Exercise description: Starting at the line containing "2020年(ERPMRP管理)联想ERP2000项目总结报告" and ending at the line containing "Cereales, un clásico", transcribe the listing below exactly. Keep both end lines, skip the pictures, and copy nothing else.

Data extracts:
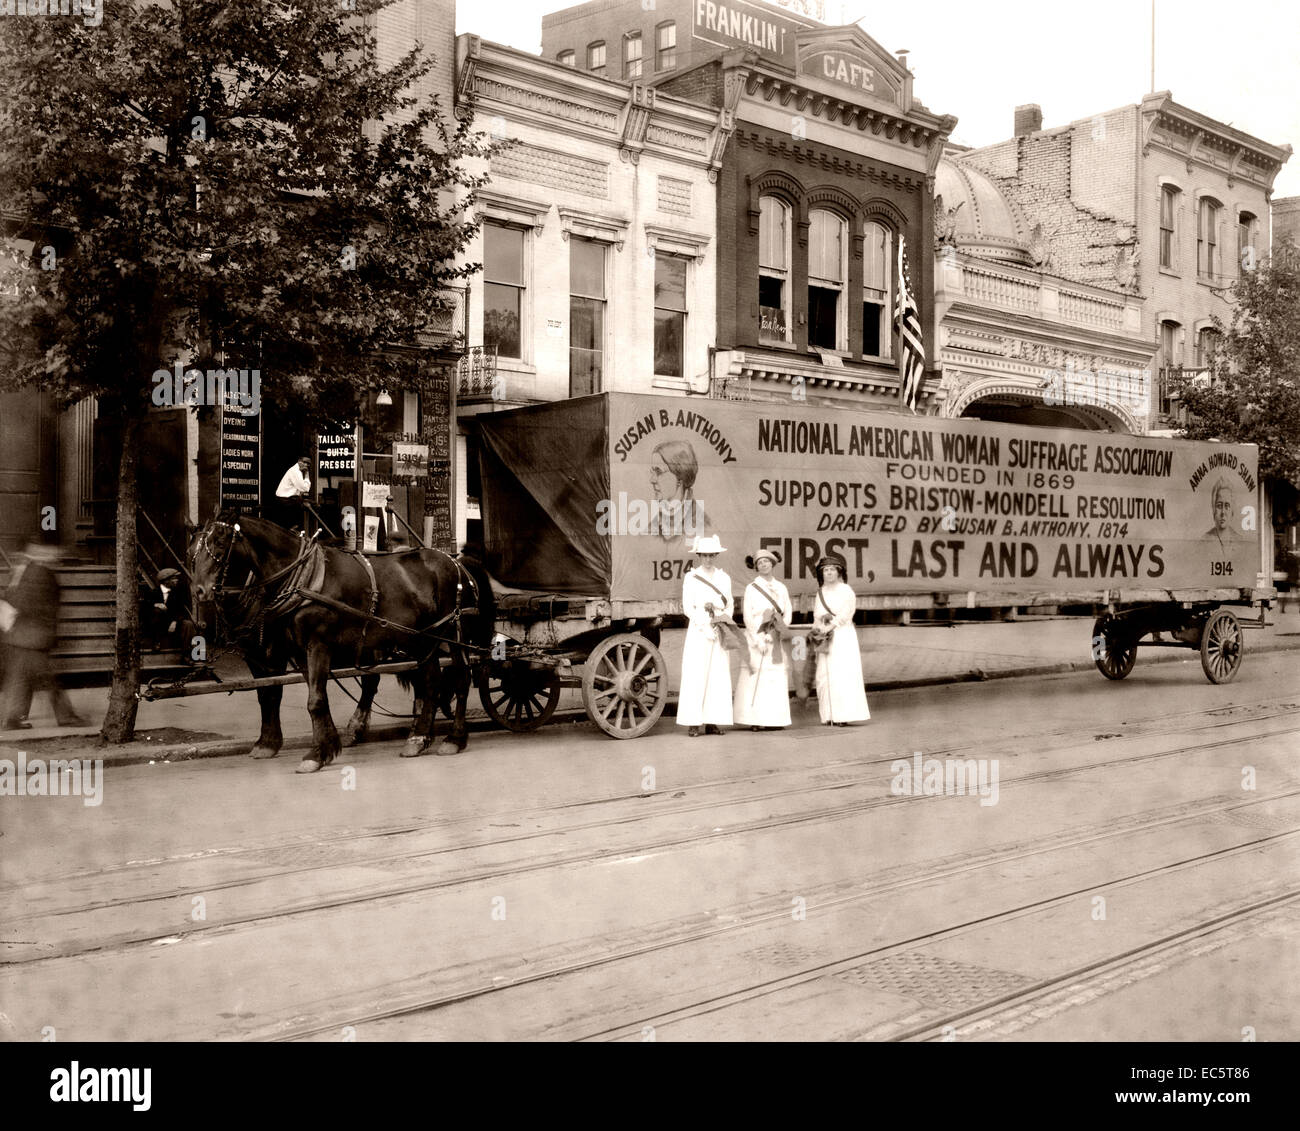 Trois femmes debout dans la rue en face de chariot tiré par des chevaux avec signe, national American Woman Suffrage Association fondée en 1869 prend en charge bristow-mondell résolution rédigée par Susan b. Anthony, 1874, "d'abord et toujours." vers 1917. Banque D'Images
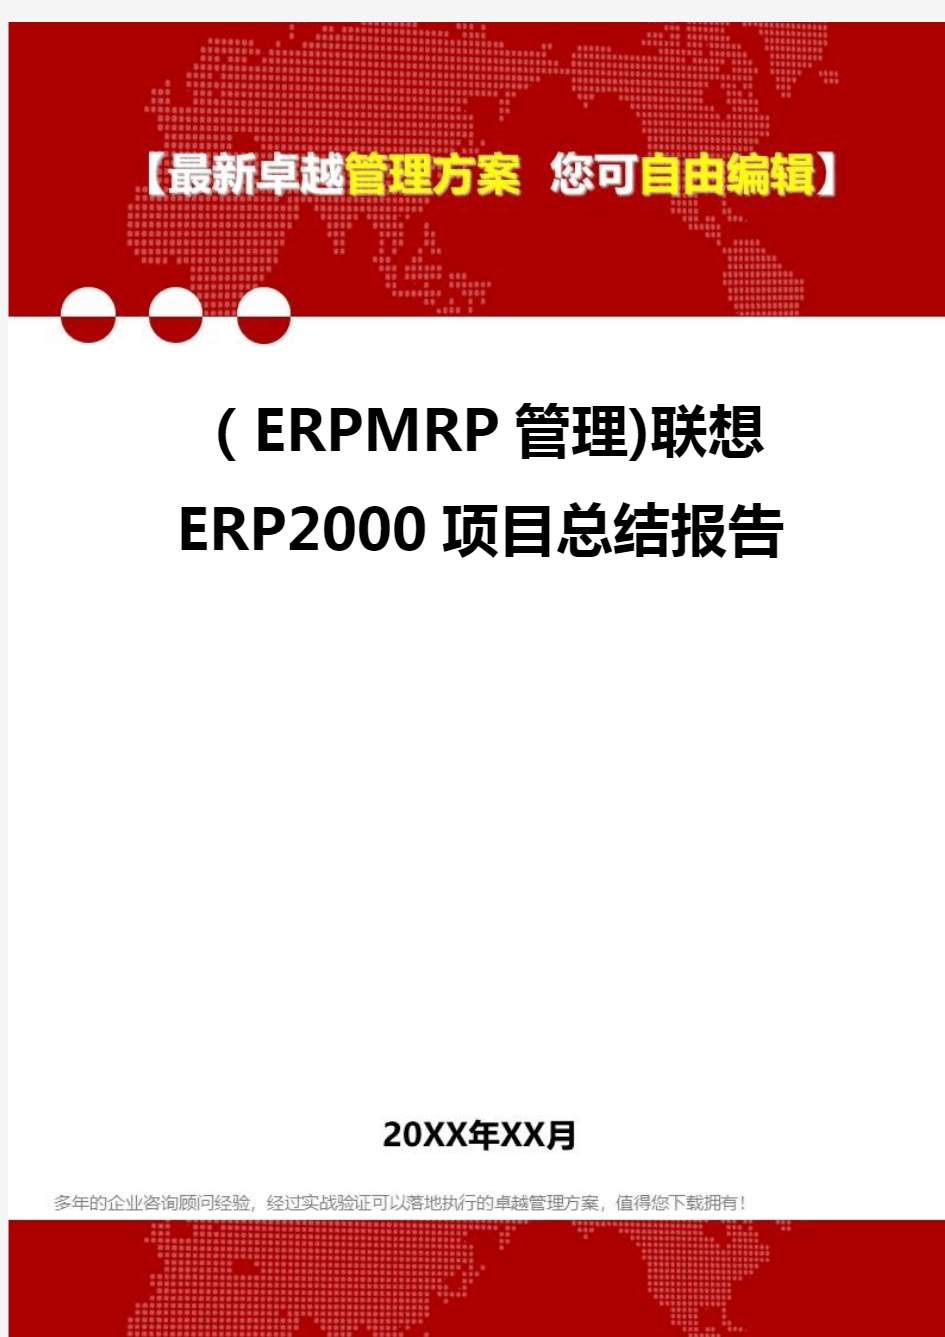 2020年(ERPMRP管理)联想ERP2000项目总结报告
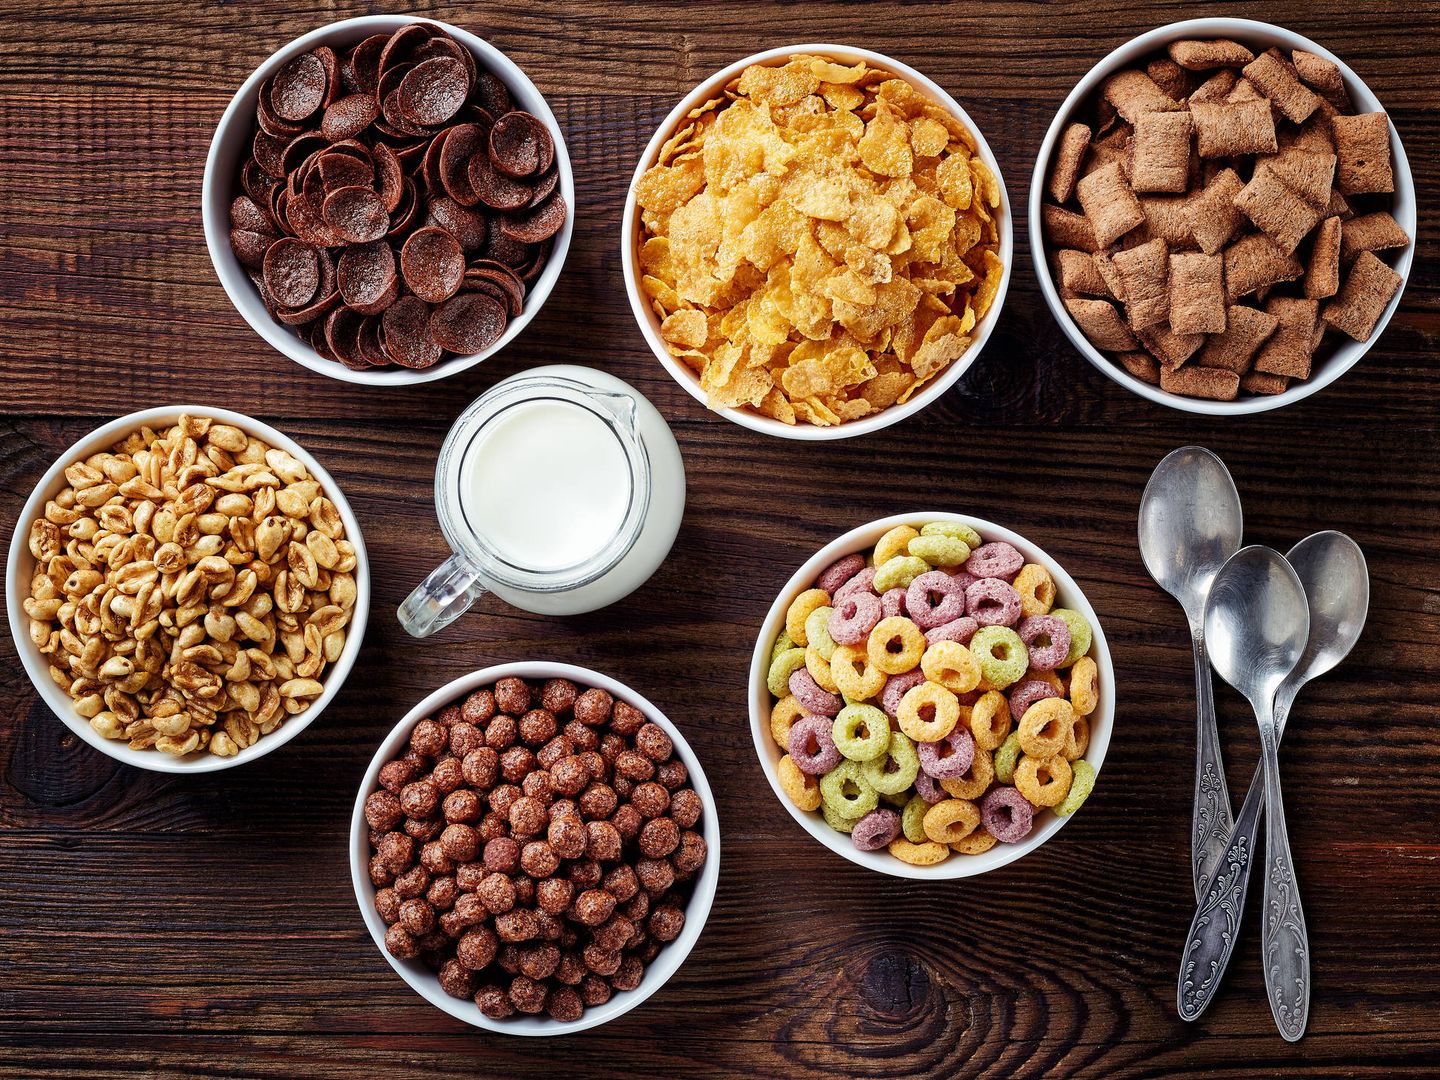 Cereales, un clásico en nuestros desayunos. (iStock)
* * *
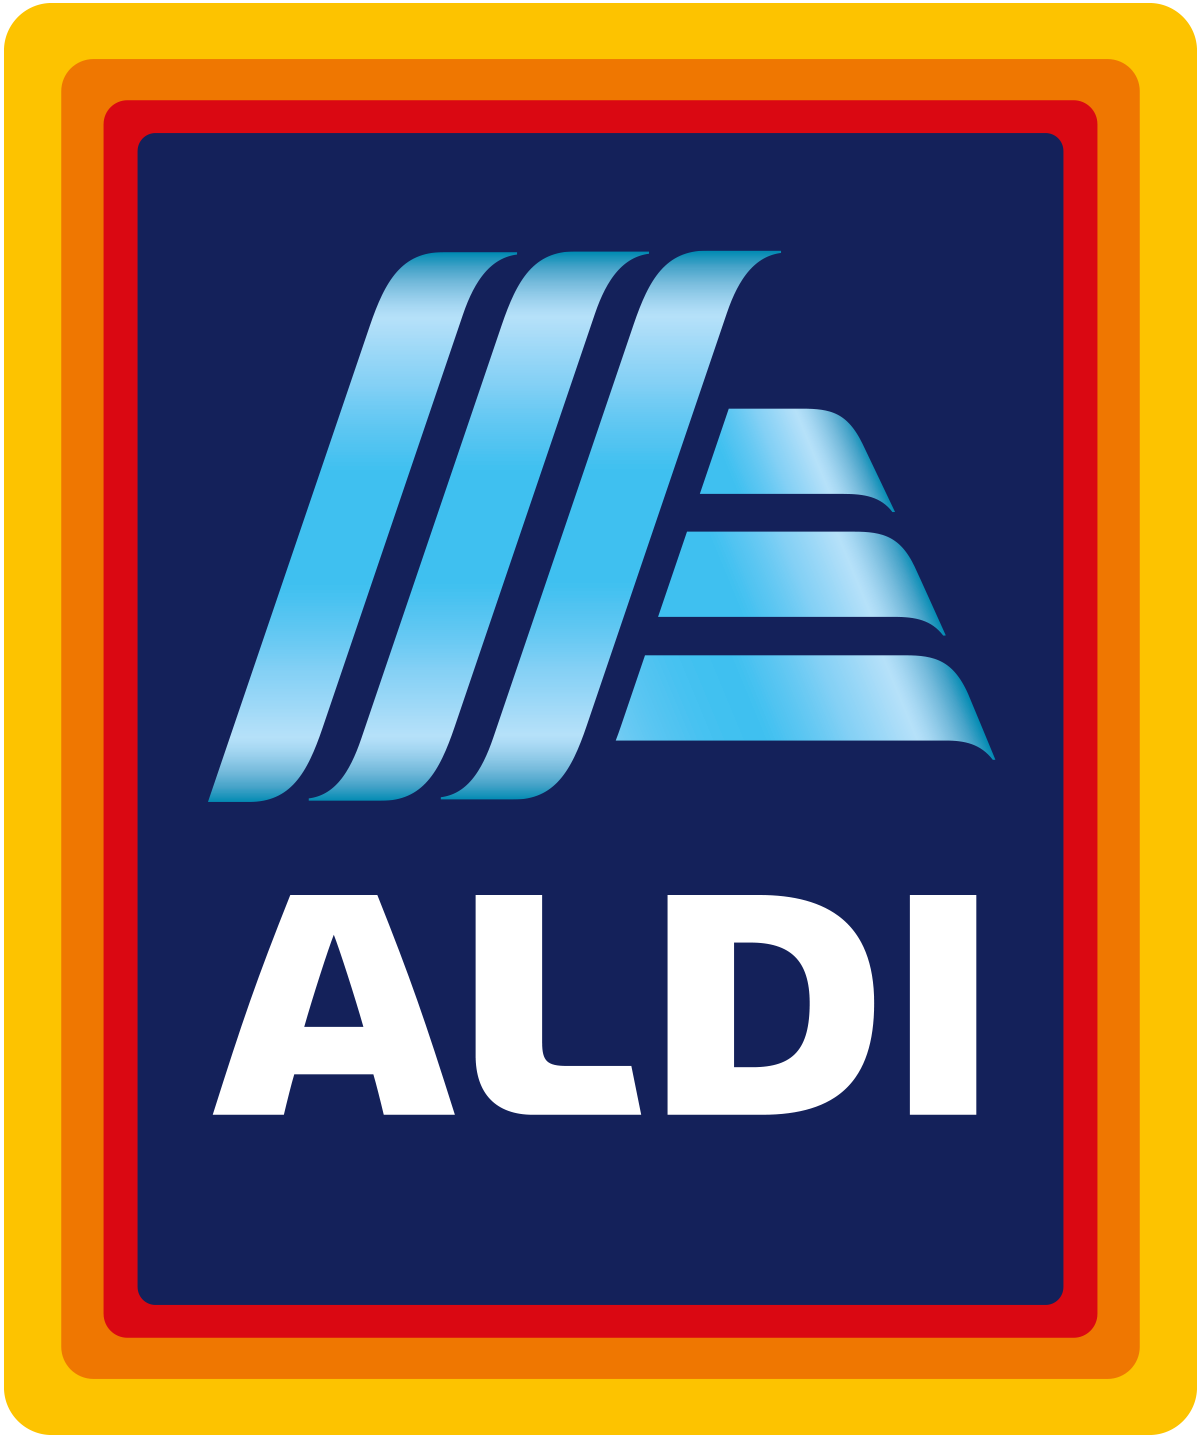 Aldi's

Completed task:
 2020年(ERPMRP管理)联想ERP2000项目总结报告
 Cereales, un clásico en nuestros desayunos. (iStock)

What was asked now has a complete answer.